Be very careful with “cocky funny” in text, remember you are not there smiling & kinoing her, thus letting her know it’s only a tease! It should be jumping out of the text.
Notice how she answers her texts, is it long and elaborate, keep at it. If it seems like the texts are not hitting the right spot with her, there are long time lapses or short answers, move swiftly over to phone before a negative “no” ladder is built up. Also note, for foreign girls sometimes it’s easier for them than talking over the phone, coz they have the text right there in front of them, but sometimes, if they don’t “get it” it’s better to talk, need to gauge that on a case by case basis.
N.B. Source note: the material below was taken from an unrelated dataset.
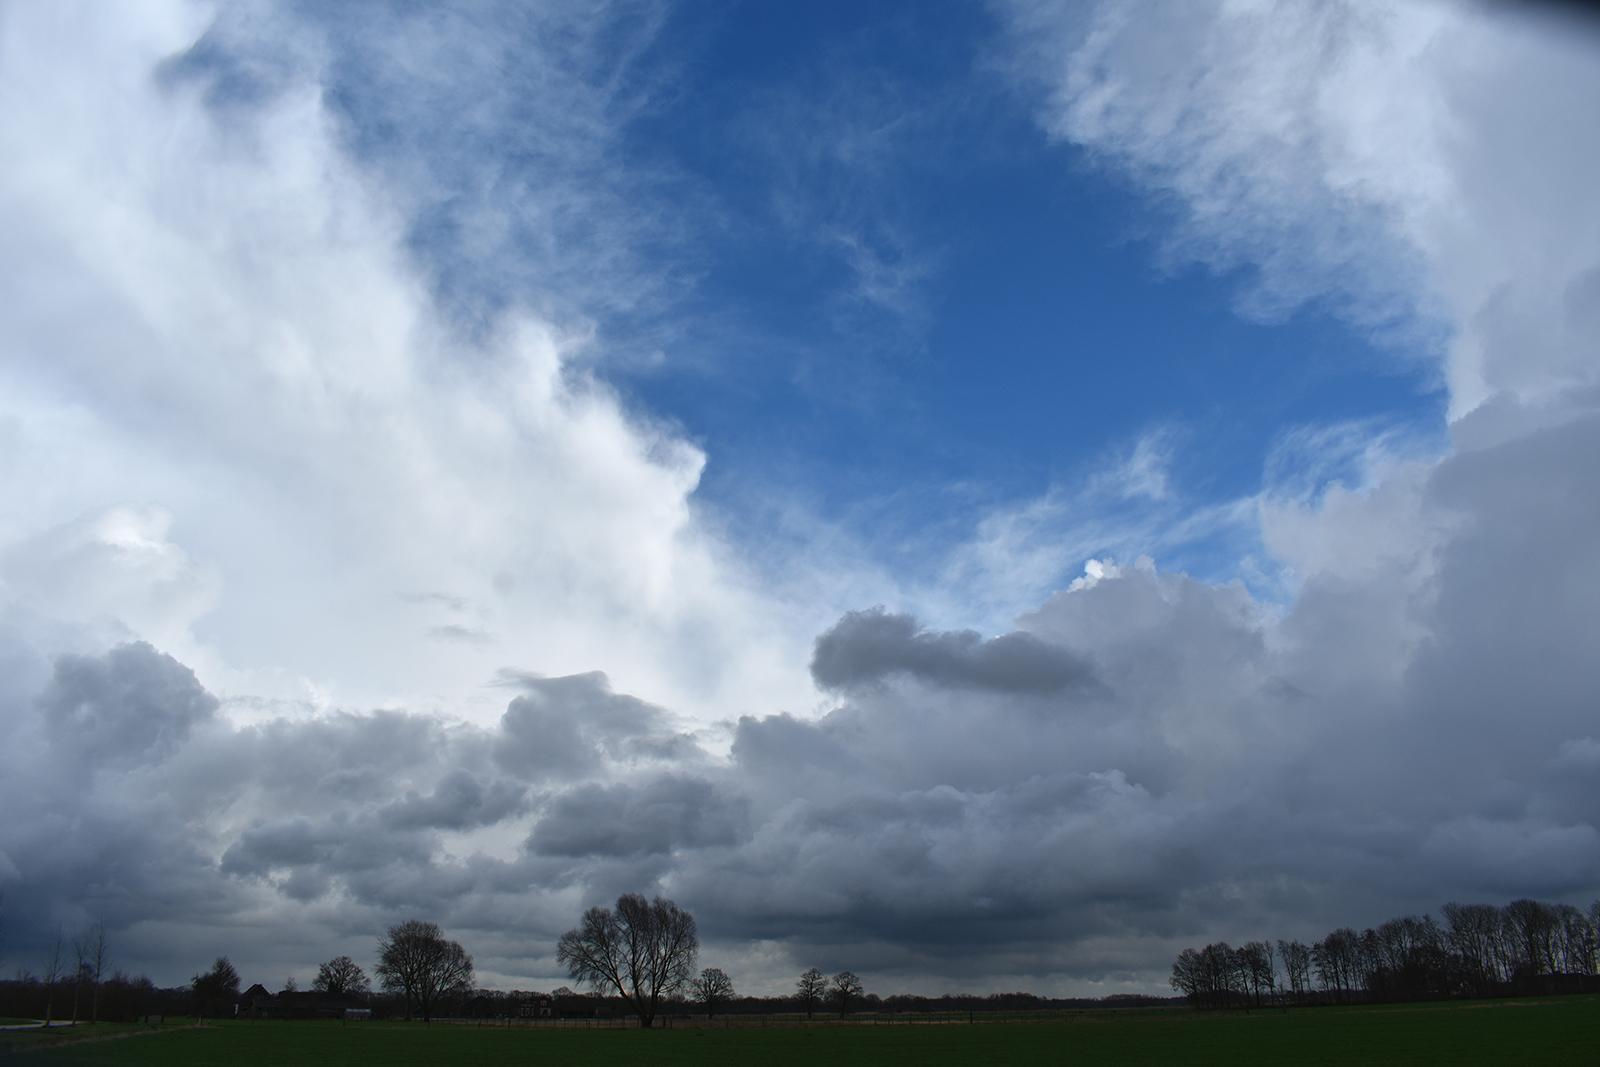 De sterke wind joeg de wolken voor zich uit langs de hemel - Foto: ©Louis Fraanje

It’s good to mirror the style of your correspondent. If she’s brief, be brief. If she’s chatty be chatty. But always stay one energy level above her. If she doesn’t ever use smiley’s or lol’s don’t use them. Use punctuation and “haha”!!!! If she never “x”s you only “x” when she’s been good. Choose a word she uses in her text and use it back, pick up on subtle writing styles, notice, does she use punctuations at all, is there a gap between one sentence and another or does she write like this,without any gaps at all.
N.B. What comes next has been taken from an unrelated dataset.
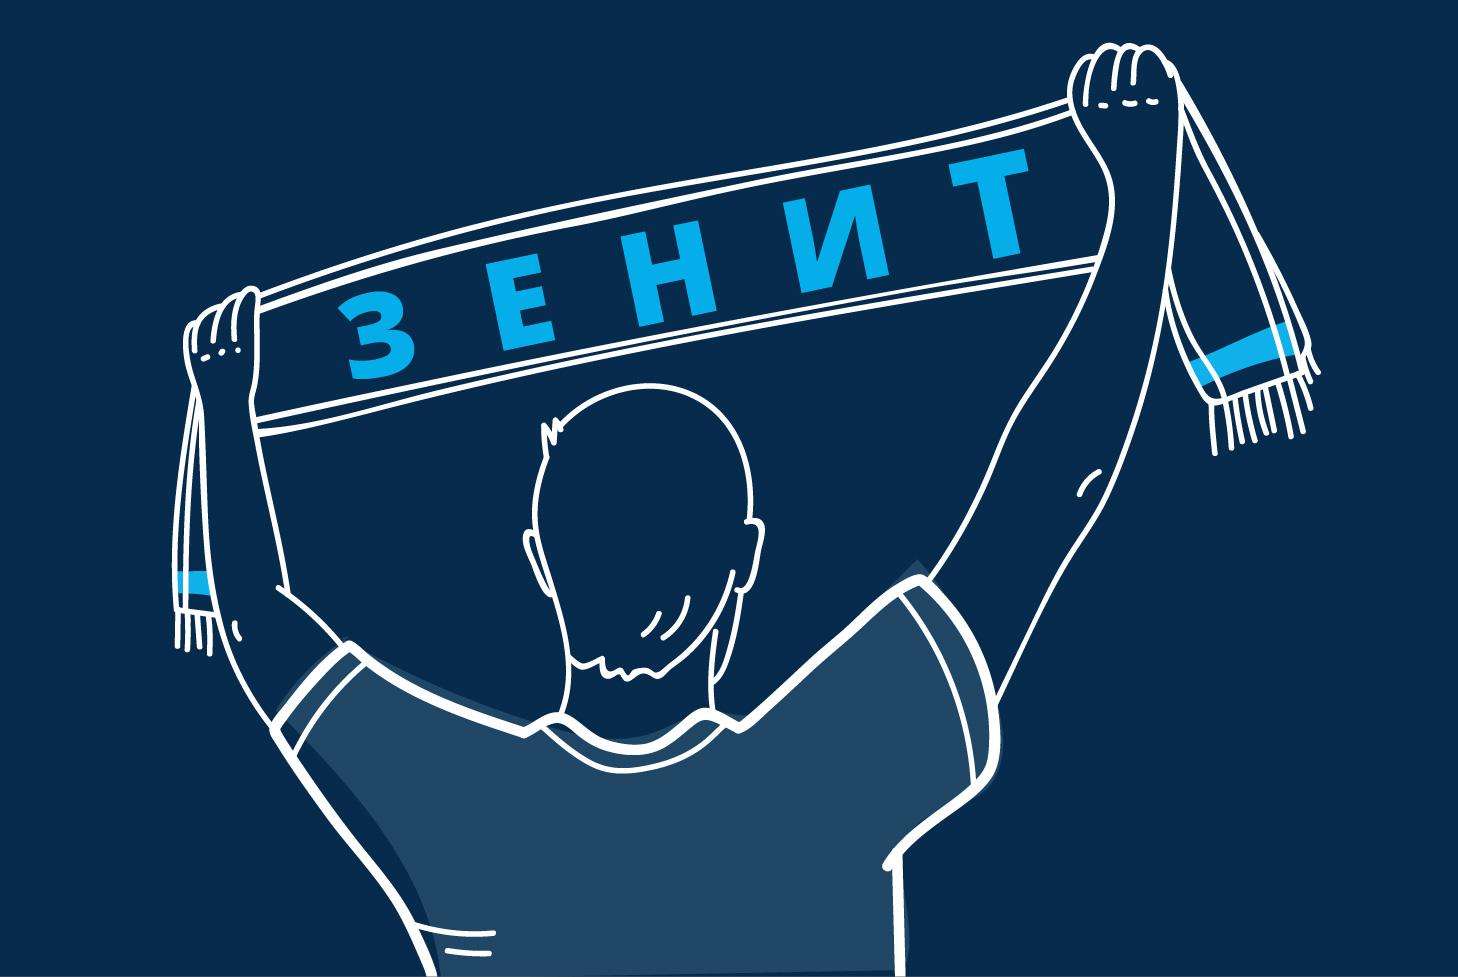 Один из первых фанатов Ленинграда рассказывает, как в городе начали болеть за «Зенит»

Our goal is to establish the concept that “we are alike”. In fact using “we” is very powerful. Whenever we can, it’s good to use “we” instead of “you and I”. It establishes a connection in a very powerful and subtle way. “when can we get together?” says something very different to “when are you free?” it assumes that we both are participating in mutual process of “getting together”. She’s not being “asked out”.
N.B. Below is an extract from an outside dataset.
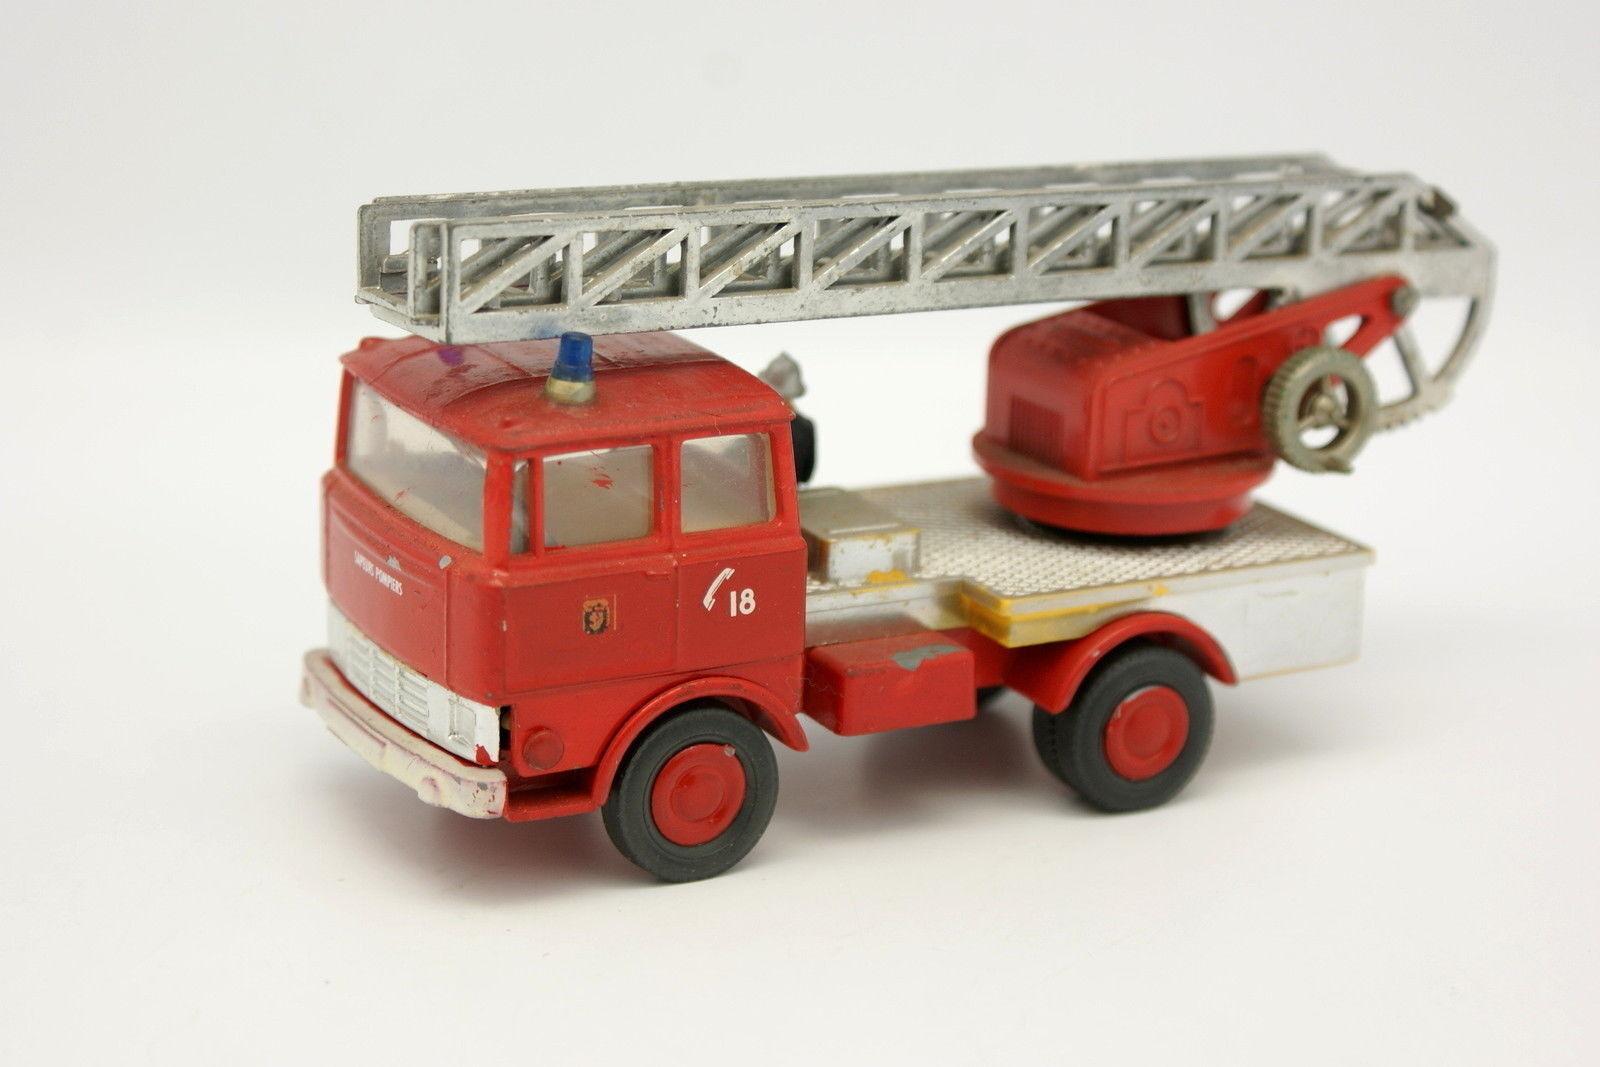 gran descuento Gama 1 50 - - - Faun Camión de Bomberos B  barato

Think of it this way, before you send a text try to put yourself in her shoes and look at your text and say is that funny? is this different? is this crazy? is this someone I definitely think can brighten up my life? if it’s a yes to any of those, send, if it’s lame don’t do it. This is an art form and being lazy with texts will get you nowhere.
There are a few things u can do, by way of IOD’s/takeaways, but this has to be only once she is quite invested in the interaction, since you can only do a takeaway if there was something there to start off with.
* Take a longer time than normal to reply and totally ignore what she said, if you don’t like her last response.
* Send her a txt that says you’re very busy and can’t meet her this week (whether or not you had offered to before or whether you are busy) and don’t propose anything else
* Drop the ‘x’ from your text (she WILL notice)
Flaking Points:
If a girl flakes me, I’ll tease her on it in a funny way. I never get angry or look genuinely upset about it. I never focus on reasoning with them logically. I also don’t give up if a girl doesn’t call back. At the same time, if they say they’ll call back I’ll just say “OK cool.” and give them the chance. But then if they don’t call back when they said they would, I’ll call back a bit later and just re-initiate the conversation as if I don’t even remember that they didn’t follow up.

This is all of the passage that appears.